В Беларуси прямой приказ убивать женщин и детей был получен от Эриха фон дем Баха-Зелевски – верховного фюрера СС и генерала полиции в «Центральной России» (территории в тылу группы армий «Центр»). Бах, которого Гитлер считал «человеком, способным перейти вброд море крови», был прямым представителем Гиммлера и, конечно же, действовал согласно его желаниям. В оккупированной Советской Беларуси договоренность между СС и армией о судьбе евреев была особенно очевидной. Генерал Густав фон Бехтольшайн, командующий мотопехотной дивизией, отвечавшей за безопасность в районе Минска, горячо отстаивал массовые расстрелы евреев в качестве превентивной меры. Он любил повторять, что, если бы СССР вторгся в Европу, евреи бы уничтожили немцев. Евреи «больше не были людьми в европейском смысле слова», а поэтому «должны быть уничтожены»[422].
* * *
Гиммлер одобрил уничтожение женщин и детей в июле 1941 года, а затем полное уничтожение евреев в августе 1941 года как предчувствие грядущего рая – «Эдемского сада», которого желал Гитлер. Это была постапокалиптическая картинка экзальтации после войны, жизни после смерти, возрождение одной расы после уничтожения других рас. Члены СС разделяли позиции расизма и эту мечту. Полиция порядка иногда присоединялась к этому видению и была, конечно же, развращена своим участием в происходящем. У офицеров и солдат Вермахта часто были фактически одинаковые взгляды, как и у СС, обоснованные определенной интерпретацией военной практичности: уничтожение евреев могло помочь привести к победному завершению войну, становившуюся все более трудной, или же предотвратить партизанское сопротивление, либо, по крайней мере, улучшить ситуацию с запасами продовольствия. Те, кто не одобрял массового уничтожения евреев, считали, что у них нет выбора, поскольку Гиммлер был ближе к Гитлеру, чем они. Однако с течением времени даже такие военные офицеры обычно убеждались, что массовое уничтожение евреев необходимо – не потому, что война близилась к победе, как все еще полагали Гиммлер и Гитлер летом 1941 года, а потому, что войну легко можно было проиграть[423].
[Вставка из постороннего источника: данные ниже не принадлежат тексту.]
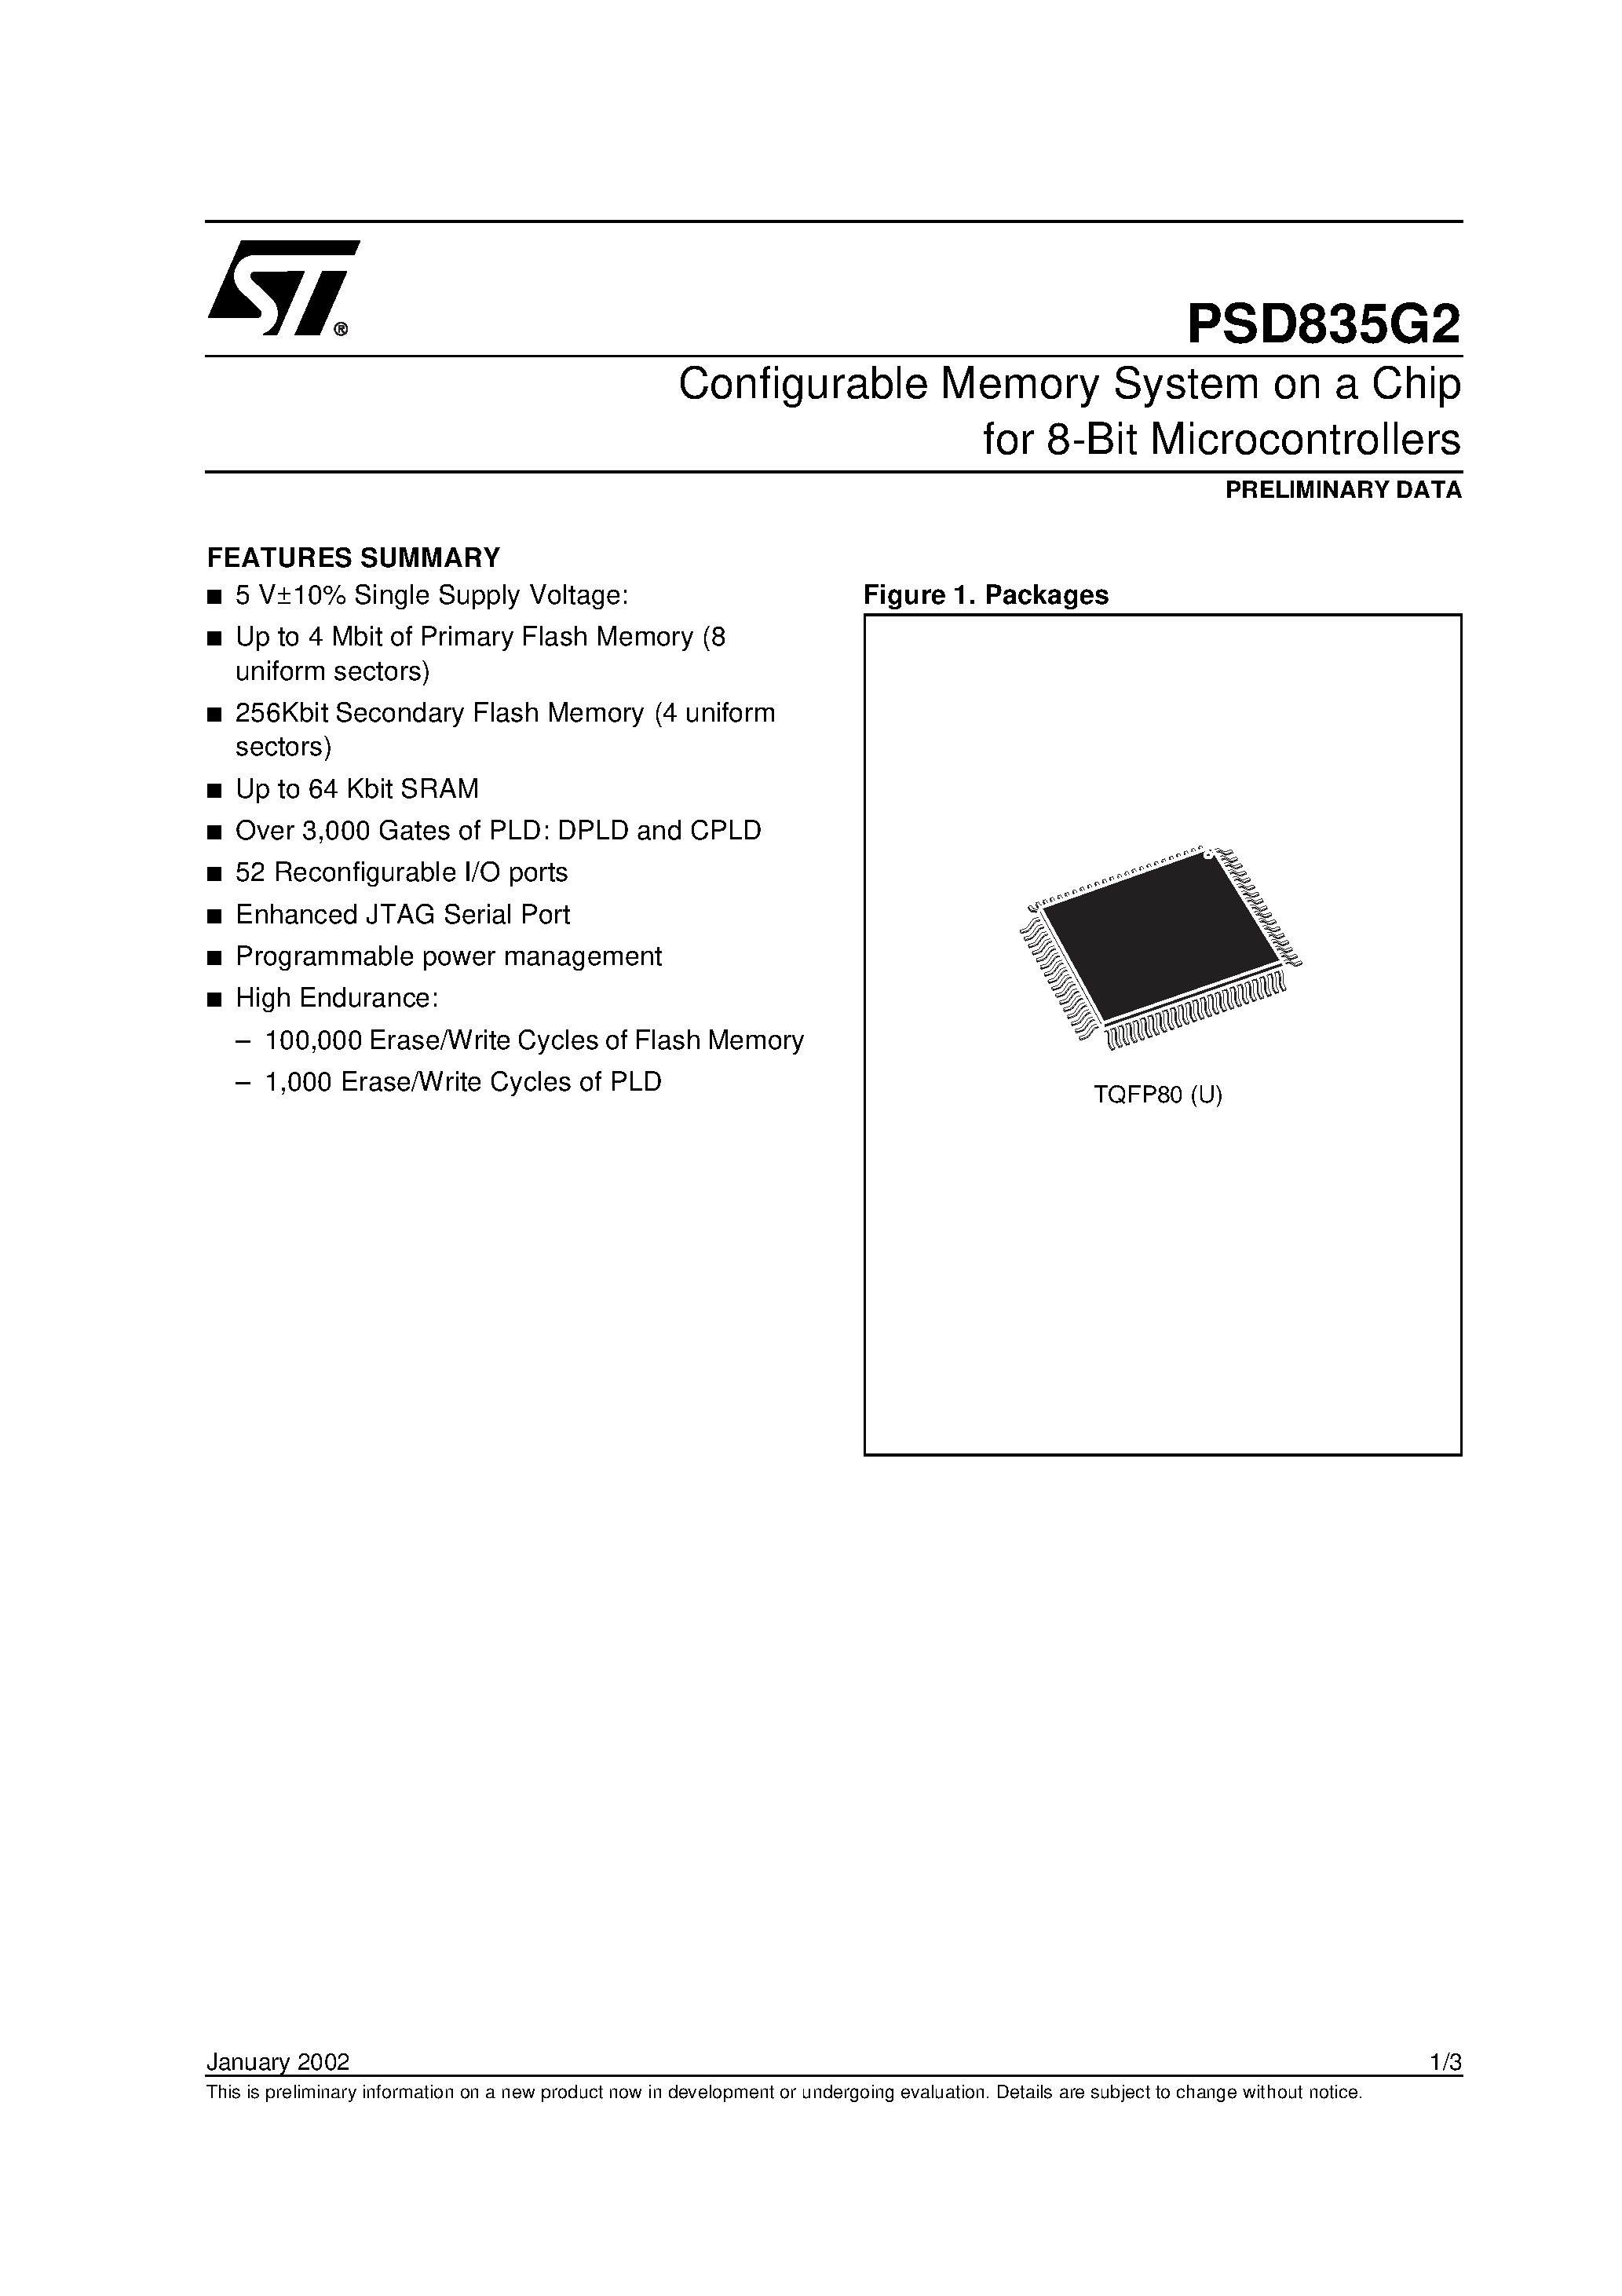 Datasheet PSD835F2V-A-20B81I - Configurable Memory System on a Chip for 8-Bit Microcontrollers page 1

Советская власть так и не пала. В сентябре 1941 года, через два месяца после вторжения, НКВД все еще могущественно присутствовал повсюду и направлял усилия против самой уязвимой мишени – немцев Советского Союза. Приказом от 28 августа Сталин депортировал 438 700 советских немцев в Казахстан в первой половине сентября 1941 года, большинство из них были из автономного региона в Поволжье. Своей оперативностью, компетентностью и территориальным размахом один этот акт Сталина сделал посмешище из беспорядочных и противоречивых актов депортаций, которые немцы провели за два предыдущих года. Именно в этот момент сталинского резкого вызова, в середине сентября 1941 года, Гитлер принял неоднозначное решение: отослать немецких евреев на восток. В октябре и ноябре немцы начали депортировать немецких евреев в Минск, Ригу, Каунас и Лодзь. До этого момента немецкие евреи уже утратили свои права и имущество, но только в редких случаях теряли жизнь. Теперь же их отсылали, хотя и без инструкций их убивать, в места, где евреев массово расстреливали. Возможно, Гитлер хотел поквитаться. Он не мог не заметить, что Волга не стала немецкой Миссисипи. Вместо того, чтобы поселиться в устье Волги в качестве триумфальных колонистов, немцы были депортированы оттуда как репрессированные и униженные советские граждане[424].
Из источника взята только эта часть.